Theme 3: Lifecycle

This is an emerging theme led by Dr Arnab Majumdar and Professor Jennifer Whyte (Department of Civil and Environmental Engineering). It brings together our interests in the operation of systems and the implication of operations for delivering value across the infrastructure life-cycle. There is a strong overlap of interest with the LRF Transport Risk Management Centre, which has work on safety in complex transportation systems. Current and recent research that is related to this theme includes:

Our current research interests are in how systems engineering techniques can add value across the infrastructure life-cycle. An example of this research is Professor Whyte’s on the hand-over of digital asset information to owners and operators, using the analogy of passing the baton.
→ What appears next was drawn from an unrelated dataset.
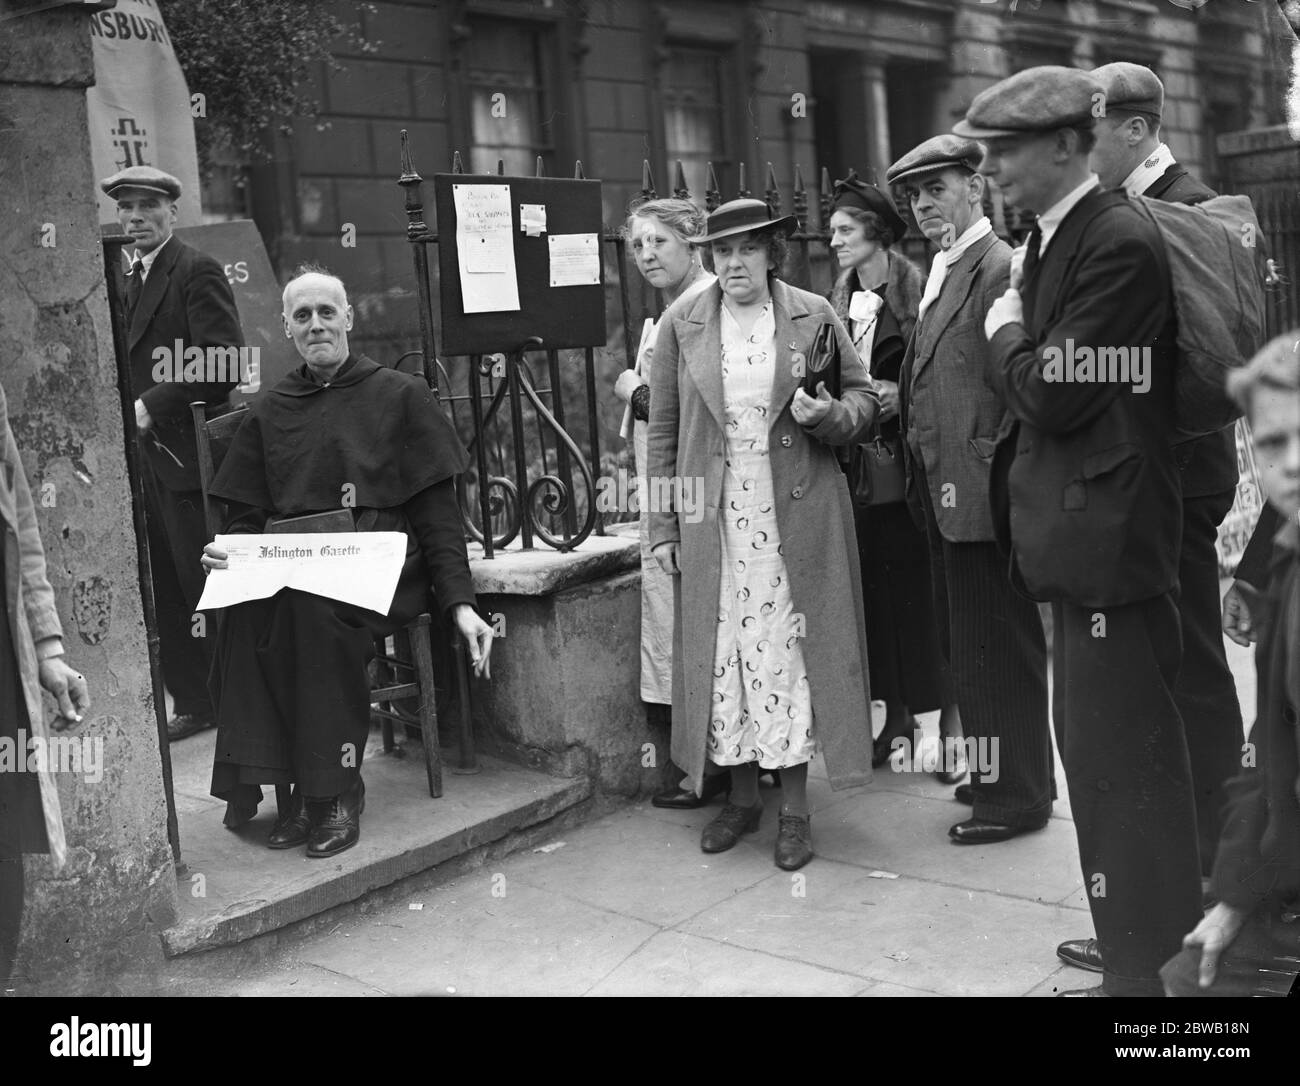 Der Reverend E O Iredell in der Veranda der St. Clement ' s Kirche, Barnsbury, Islington, um Spenden an die Kirche Fonds zu sammeln. 19 Juli 1938 Stockfoto

There is ongoing interest in mapping the dynamics of systems integration decisions through-life, for example through work to graph the information processing and social networks involved in making integration decisions in infrastructure; and through work on better data for systems verification and commissioning. 

Portable Network Graphics

Figure 1: Two stages in each instance of handover to operators in the Olympics programme

Research Call

Working with our successful research call applicant, Georgia Bateman, theme 3 is researching a model-based systems engineering approach to understanding emergency evacuation operations management in large, complex public occupancy buildings.

Background: The proper management of emergency evacuations in large, complex public occupancy buildings is crucial to their success, and therefore critical to the life safety of occupants. Especially with the recent increase in security and terrorism evacuation incidents (for example in 2016 a suspicious canister was found at London City Airport, and a suspected bomb discovered at the Emirates Stadium), ensuring the efficacious planning of these procedures is of paramount importance – and the first step towards this is determining the procedures that are currently employed. Large, complex public occupancy buildings such as stadia and airport terminals are comprised of many operational entities, which although may have strictly defined roles during day-to-day operations, may not be aware of their responsibilities during evacuation events. For example, should members of staff in concession outlets assist in directing evacuees during such an event, or leave the building as well? This information is crucial in assessing the planning of evacuation procedures, but is hard to obtain without speaking to and analysing information from industry practitioners directly involved in the planning of these procedures.

Objectives: The aim of this research is to use a systems engineering approach to obtain a better understanding of emergency evacuation events in airports and stadia. The scope of the proposed project will encompass the investigation of the responsibilities of the different entities within airport terminal buildings and stadia during evacuation events, and the communications (and methods of such communication) that occur between them. The research will use SysML as a modelling tool to achieve this aim.

Potential industry impact: The potential application to airport emergency management is large, and this is an area of significant interest due to increased security concerns at airports worldwide, in the wake of recent marauding terrorist firearms attacks and bombing incidents. Furthermore, through collaboration with the only worldwide body of its type looking at safety at sports stadiums, the Sports Ground Safety Authority, the potential impact on safety at sports stadia worldwide is large.

Our second theme 3 successful research call applicant, Dr John Craske, will be researching coupling physics, humans and machines in holistic, resilient and automated systems for building management.

Background: Buildings account for 40% of our energy demands and are pivotal in determining our health and well-being. However, our ability to design and control their internal environments is sub-optimal from a systems perspective. In spite of advances in flow modelling and control technology, building management systems (BMSs) are relatively crude and incorporate ad hoc rules for control. Systems responsible for the control of heating, ventilation, air conditioning and lighting are rarely integrated. Typically, BMSs are not coupled with predictive models for building physics and do not adequately account for the fluctuating and evolving requirements of users.

Objectives: We will develop a software tool that allows students, researchers and practitioners to couple constituent models of an entire building system in a simple, flexible and informative manner. Our tool will provide an application programming interface to combine models of a building's climate, occupancy and management system. The tool will be adaptable to accommodate improvements and additions to the constituent models in the future.

Potential industry impact: Our tool will have the potential to (1) improve the energy efficiency and environmental conditions of buildings by providing a holistic framework for design and analysis; (2) increase productivity by automating the steps between model development and the implementation and calibration of a BMS; (3) increase the awareness and competency of practitioners and researchers in the future by providing an educational tool.